X

M-B hints at electric S class

Automotive News reports on how Mercedes-Benz will continue to be able to offer large, luxury cars in an era of increasingly mandated fuel economy.

Automotive News
4 min read
Mercedes-Benz

FRANKFURT--Here's a riddle for luxury automakers: How will big, high-powered cars fit into a world that's greener, more congested, and more tightly regulated than today?

 

Mercedes-Benz rolled out one possible answer here last month with the F125 concept car.

The F125 checks off many of the boxes on automakers' future-think wish list: hydrogen fuel-cell power train, high-priced materials, computer-assisted driving, advanced telematics. So it's tempting to see it as a science project.

But if you listen to Thomas Weber, r&d chief for Mercedes' parent company Daimler, you realize that the F125 addresses a serious concern--the future of Mercedes' S-class vehicle line.

"This is a visionary outlook that's the direction we have to go with large cars," Weber said in an interview at the Frankfurt auto show. In a company statement, Weber said the F125 shows that "the legendary S class will continue into the future."

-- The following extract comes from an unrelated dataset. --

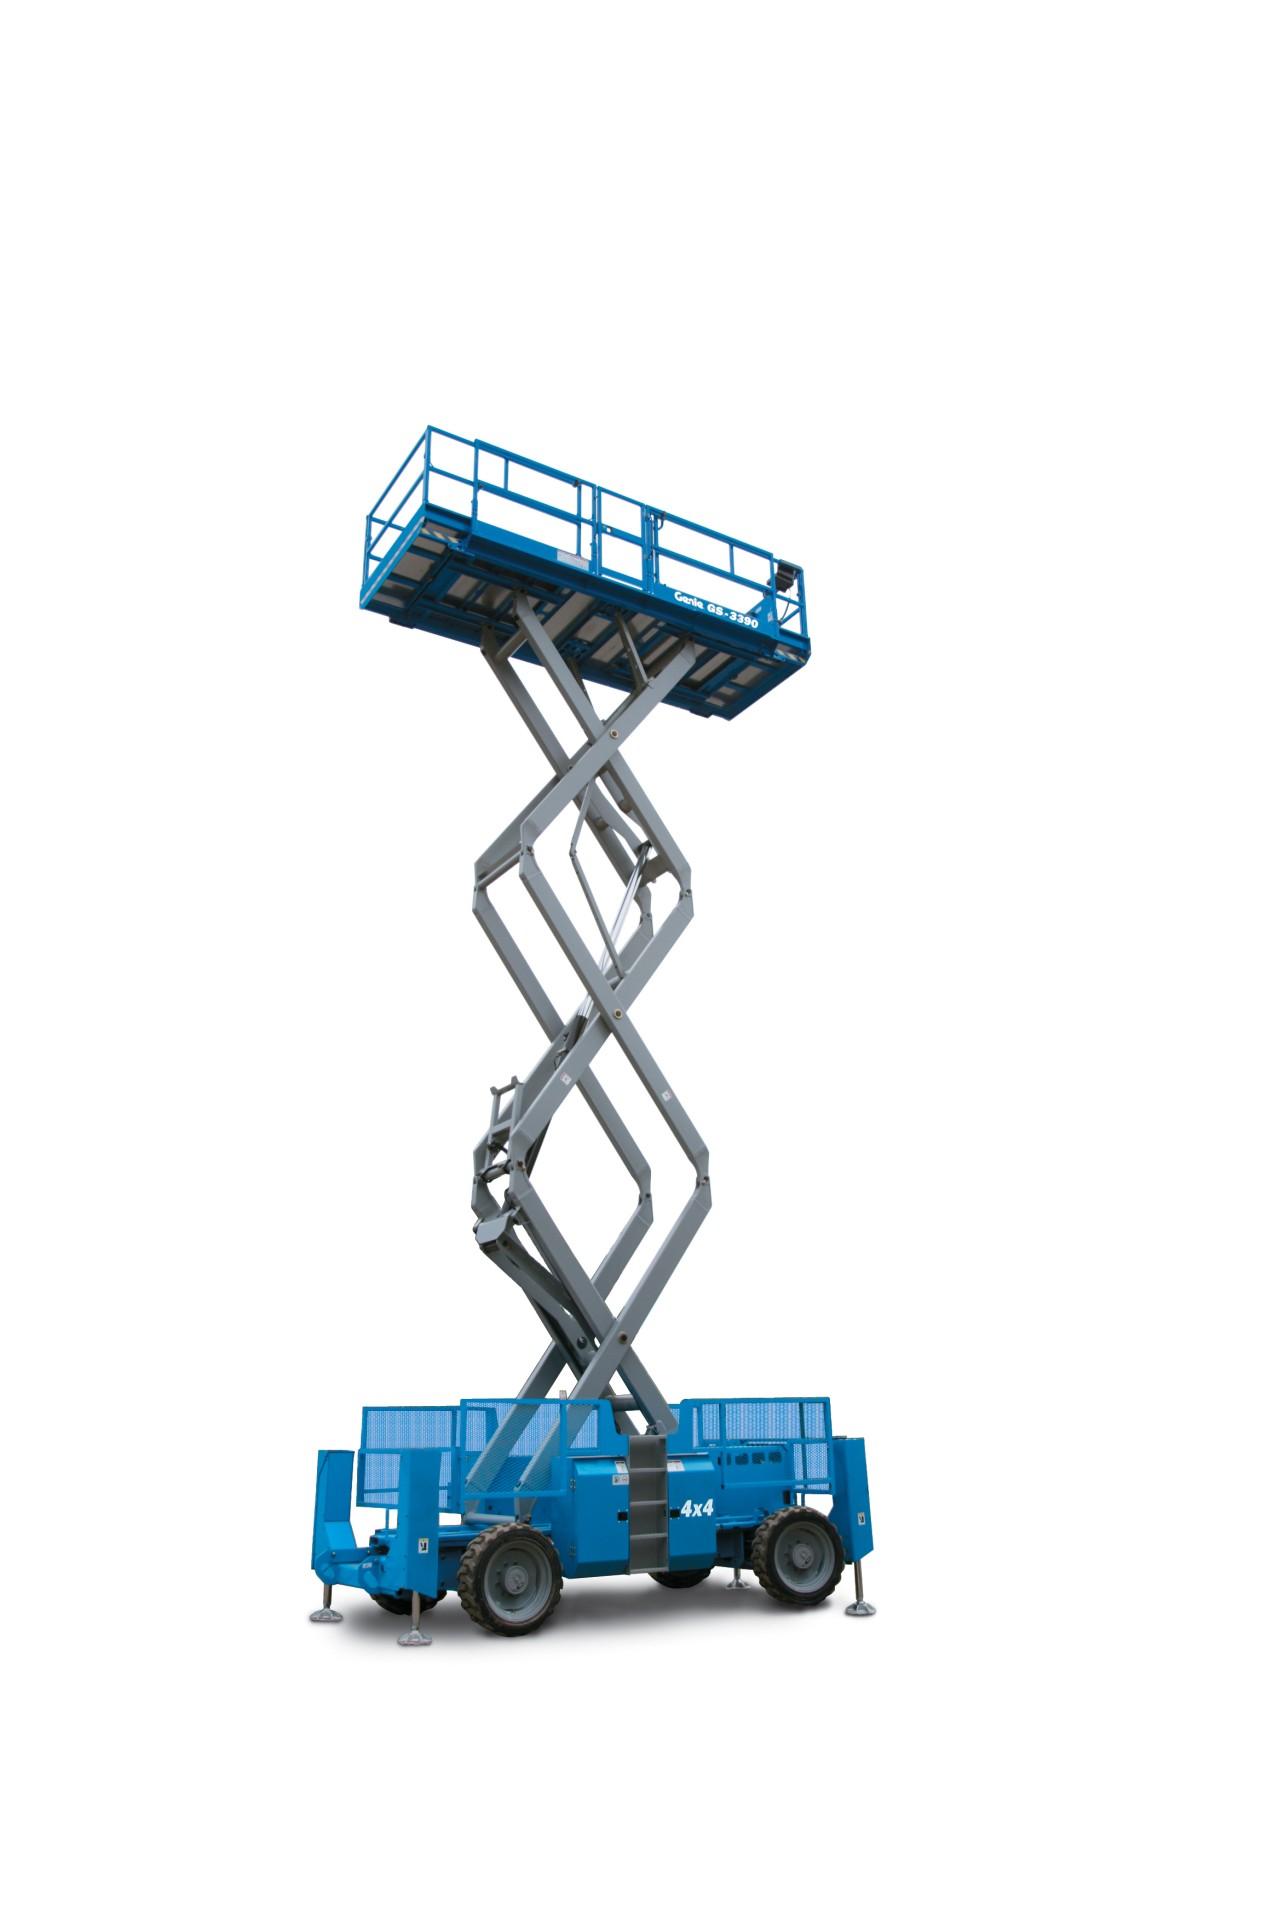 Genie GS-5390 RT Diesel

Significantly, the F125 team peered further ahead than Daimler does with most concepts. Weber said that the company's "research cars" usually show what might happen one generation into the future.

"This research car was built with the perspective of, what does a car in 2025 look like?--more than two generations ahead," Weber said.

Regulatory pressure
That puts Mercedes--and the S class--into a regulatory environment more stringent than today's:

-- By 2025, the corporate average fuel economy requirement in the United States is expected to be 54.5 mpg.

-- And the European Union will have toughened its carbon dioxide emissions limit. The EU is set to impose a corporate average of 130 grams emitted per kilometer driven (7.4 ounces per mile) by 2015, and has set a goal--not yet a law--of 95 grams per kilometer (5.4 oz./mile) by 2020. By contrast, the overall average for vehicles in the EU was 154 g/km (8.7 oz./mile) in 2008, according to ACEA, the European automotive industry association.

Those limits put pressure on makers of large internal-combustion-powered cars such as the S class. The S class encompasses a variety of vehicles, but, as an example, the 2012 S550's U.S. fuel economy ratings are 15 mpg city/25 highway/19 combined. According to a Daimler Web site, CO2 emissions for European S class vehicles range from 149 g/km (8.5 oz./mile)for the S250 CDI Blue Efficiency to more than 300 g/km (17 oz./mile) for AMG performance models.

Daimler has concluded that electric drive must be part of its lineup.

"If zero-emission mobility will be necessary, and that's what we believe, it's clear we have to change to electric mobility," Weber said.

But that poses a problem in satisfying S-class customers, he said. Mercedes believes that S-class owners expect cruising range and power comparable to that of a current diesel-powered car.

"The most important key figure was 1,000, a range up to 1,000 kilometers [621 miles] completely emissions free," he said. "That's what we think will be necessary in 2025."

The choice: Fuel cell
Put those two requirements--electric drive and long range--together, and you get a fuel cell vehicle, in Weber's view. The F125's fuel cell stack drives four electric wheel motors. Daimler decided to make the F125 a hybrid to reproduce the driving characteristics of the current S class, particularly quick starting and acceleration, Weber says.

Where a fuel cell vehicle needs about 10 seconds to start, he says, with the plug-in fuel cell hybrid, "you get exactly the same feeling you know from your car today."

But to get that feeling, Daimler has built the F125 around unproven technology. The concept replaces the standard cylindrical hydrogen storage tank with a system still in the research stage--using new Kevlar-like material to store hydrogen in the body cavities, increasing onboard hydrogen capacity and range.

The F125 would use another unproven method, a lithium-sulfur battery, to increase energy density. Weber says that battery chemistry probably will debut this decade in smaller applications such as power tools.

"These two technologies are advanced, next-generation technologies, but they are not in the heavens," he said. "It's clear what kinds of technologies we are looking for. We believe as a visionary forecast in 2020, 2025, these kinds of cars are possible."

Tim Urquhart, senior automotive analyst for IHS Global Insight in London, says the F125 shows the industry's uncertainty about how big luxury cars fit into the future.

"It's a real vision of the future," Urquhart said. "Sometimes when an OEM is talking about these things, you take it with a pinch of salt. In this car, I think they are trying to imagine what a vehicle of this type would be like in the long-term future."

Continued interest in fuel cells reflects doubt that lithium ion batteries will ever be able to match the range of a petroleum-powered car, he adds.

"You're not going to get a lithium ion-powered EV with internal combustion engine power and range," Urquhart said. "The chemistry is not going to allow it."